The Court noted that: “Because the court finds that Plaintiff has failed to establish its standing to bring this action, the court need not reach the Williamses’ other arguments for dismissal.”
Honorable Judge J. Michael Seabright gets it! And his ORDER was detailed. In the Discussion, Judge Seabright notes an argument that homeowners have being trying to persuade the courts (especially at the lower state levels) to grasp: STANDING and JURISDICTION.
“Standing is a requirement grounded in Article III of the United States Constitution, and a defect in standing cannot be waived by the parties. Chapman v. Pier 1 Imports (US.) Inc., 631 F.3d 939,954 (9th Cir. 2011). A litigant must have both constitutional standing and prudential standing for a federal court to exercise jurisdiction over the case. Elk Grove Unified Sch. Dist. v. Newdow, 542 U.S. 1, 11 (2004). Constitutional standing requires the plaintiff to “show that the conduct of which he complains has caused him to suffer an ‘injury in fact’ that a favorable judgment will redress.” Id. at 12. In comparison, “prudential standing encompasses the general prohibition on a litigant’s raising another person’s legal rights.” Id. (citation and quotation signals omitted); see also Oregon v. Legal Servs. Corp., 552 F.3d 965, 971 (9th Cir. 2009).”
Let’s continue – but we’ll get back to that injury issue later in the post.

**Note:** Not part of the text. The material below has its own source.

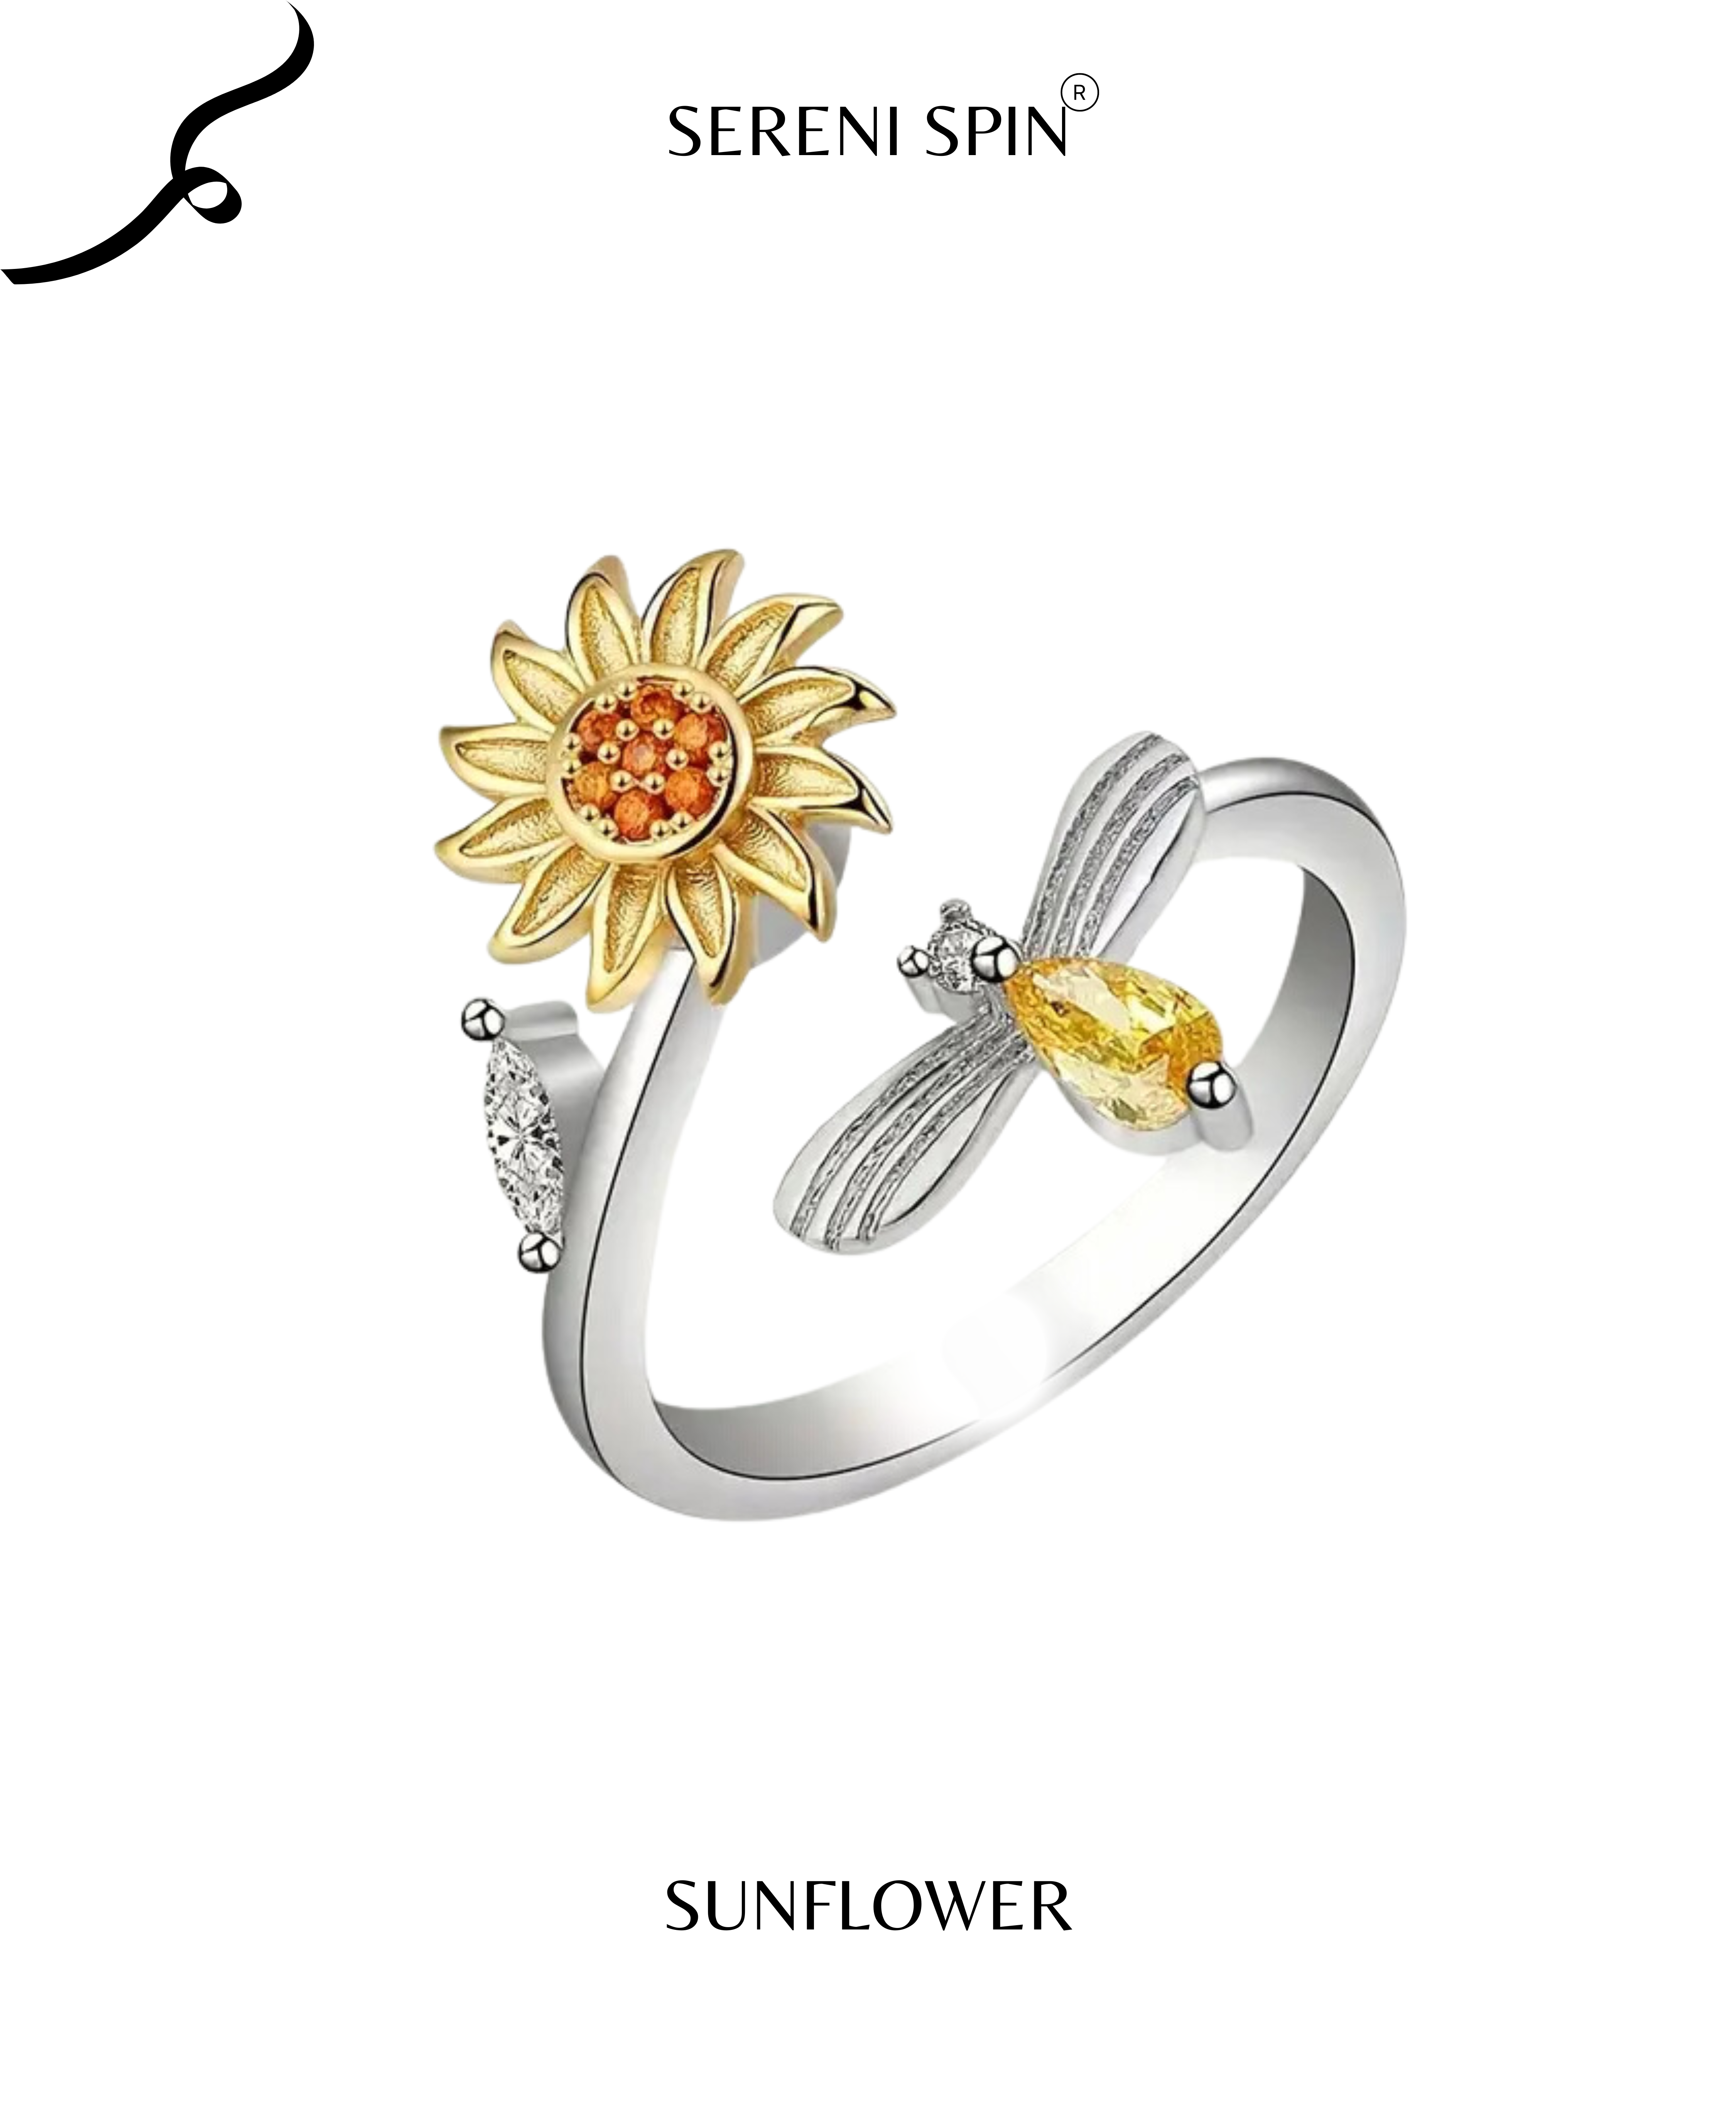 Sunbeam Splendor: The 'Sunflower' Ring 🌻

The WILLIAMSES’ ORDER continues: “The Williamses factually attack Plaintiff’s prudential standing to foreclose, arguing that there is no evidence establishing that Plaintiff was validly assigned the Mortgage and Note on the subject property. The issue of whether Plaintiff was validly assigned the Mortgage and Note is inextricably intertwined with the merits of the Plaintiffs claims seeking to foreclose…”
Of course, this was a New Century Mortgage (Home123) and the Plaintiffs were taking part in a fabricated assignment in 2009 to a 2007 Trust… (that boat had sailed 2 years before because theTrust had long since closed) – but even more compelling in the Motion to Dismiss-Memorandum was the Williamses assertion that New Century aka Home123 was in a liquidating bankruptcy as of August 1, 2008 and they had nothing to assign in January 2009.
Deutsche argued that the Williamses were not parties or beneficiaries to the assignment such that they cannot challenge it… [we’ve heard that before, yeah?]. However, the Judge Seabright clarifies a valid point:
“Plaintiffs argument confuses a borrower’s, as opposed to a lender’s, standing to raise affirmative claims. In Williams v. Rickard, 2011 WL 2116995, at *5 (D. Haw. May 25, 2011), — which involved the same parties in this action and in which Lei Williams asserted affirmative claims against Deutsche Bank — Chief Judge Susan Oki Mollway explained the difference between the two:
“…Standing” is a plaintiff’s requirement, and … Defendants must establish “standing” to defend themselves.””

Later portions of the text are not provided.